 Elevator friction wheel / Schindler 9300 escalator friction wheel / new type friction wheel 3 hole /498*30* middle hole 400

================

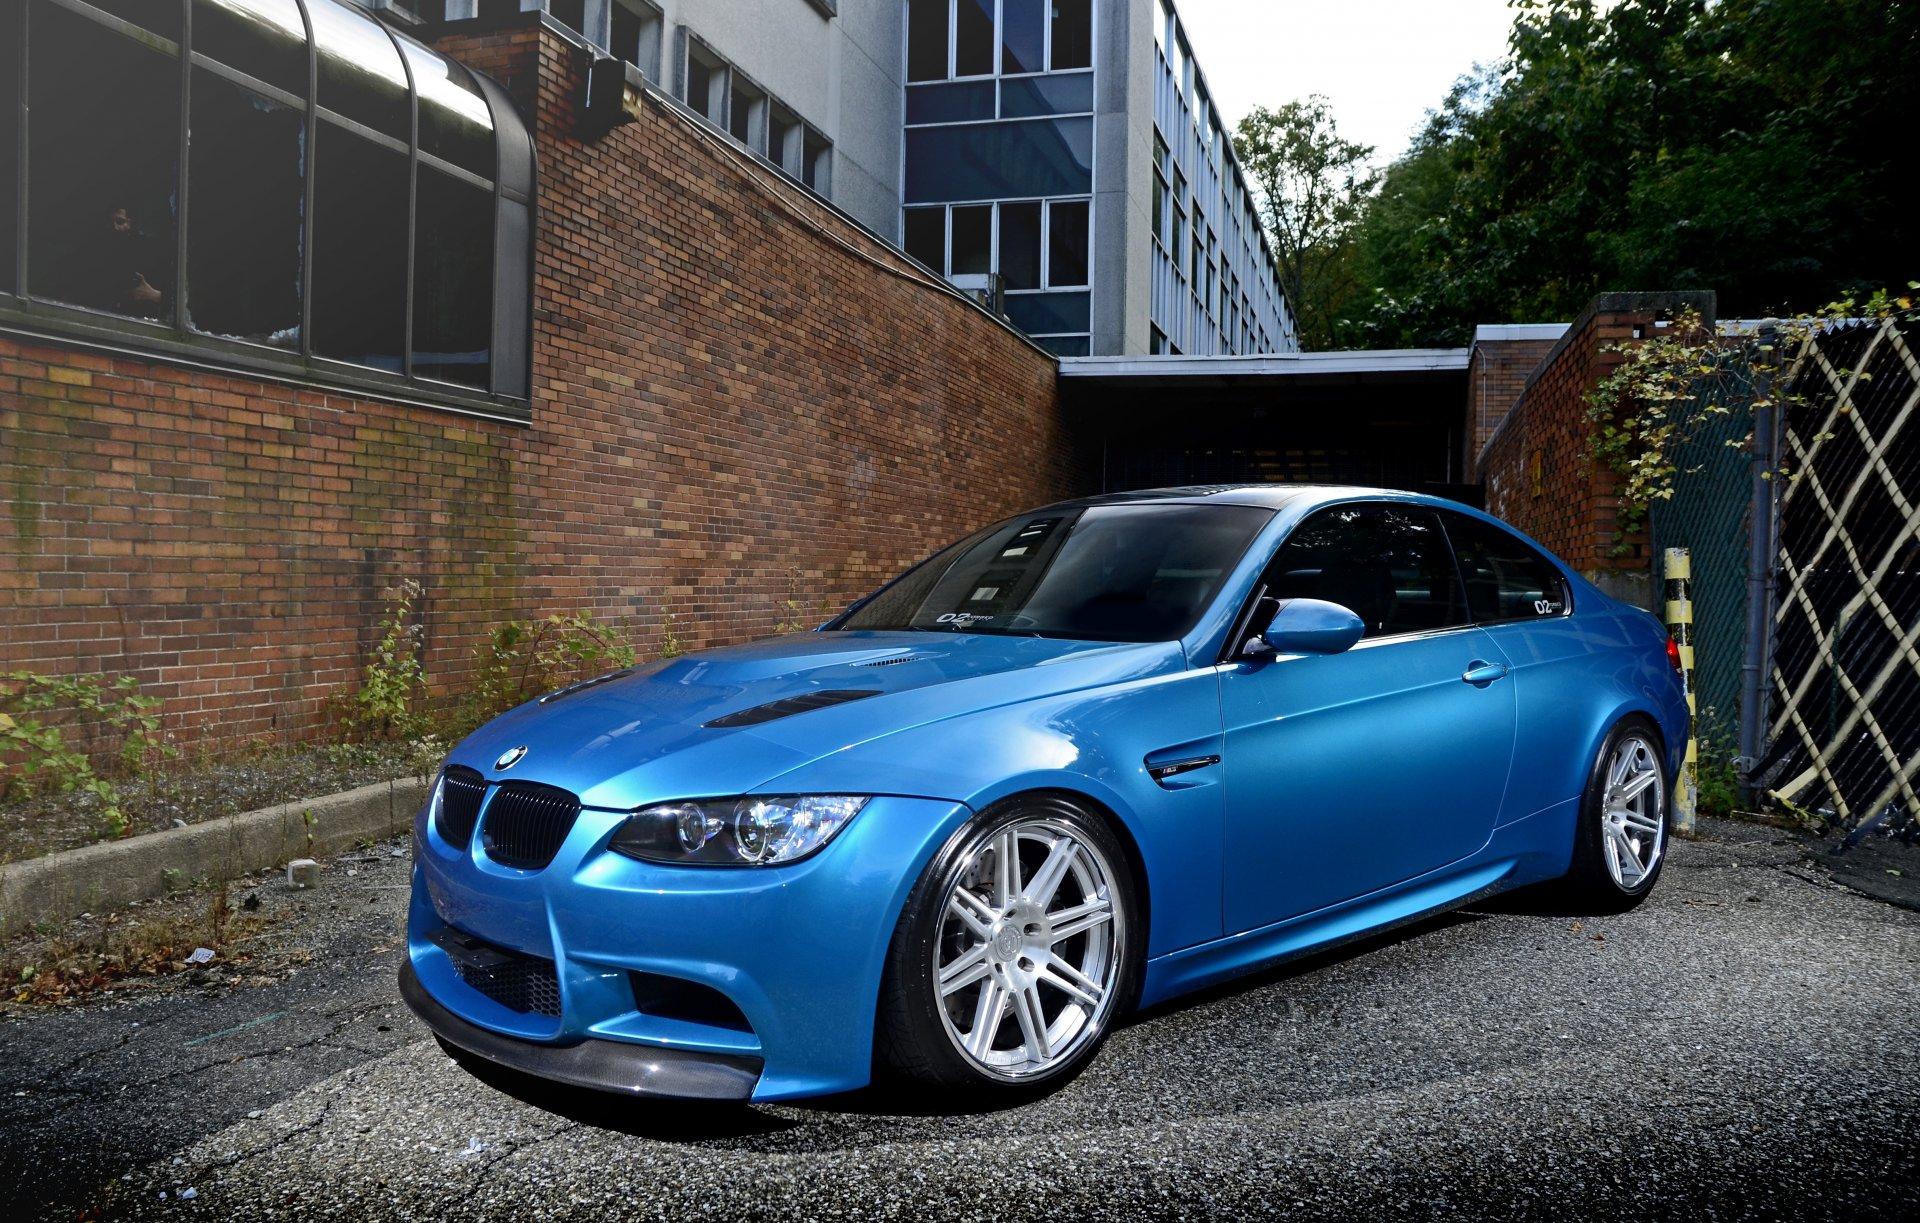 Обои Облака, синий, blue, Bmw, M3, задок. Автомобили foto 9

================

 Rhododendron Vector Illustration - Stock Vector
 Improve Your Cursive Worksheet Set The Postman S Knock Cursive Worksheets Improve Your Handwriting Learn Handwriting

================

Only the lines above from the line containing "Rhododendron Vector Illustration" through the line containing "Improve Your Cursive" should be retyped, exactly and with both ends included.

 Rhododendron Vector Illustration - Stock Vector
 Improve Your Cursive Worksheet Set The Postman S Knock Cursive Worksheets Improve Your Handwriting Learn Handwriting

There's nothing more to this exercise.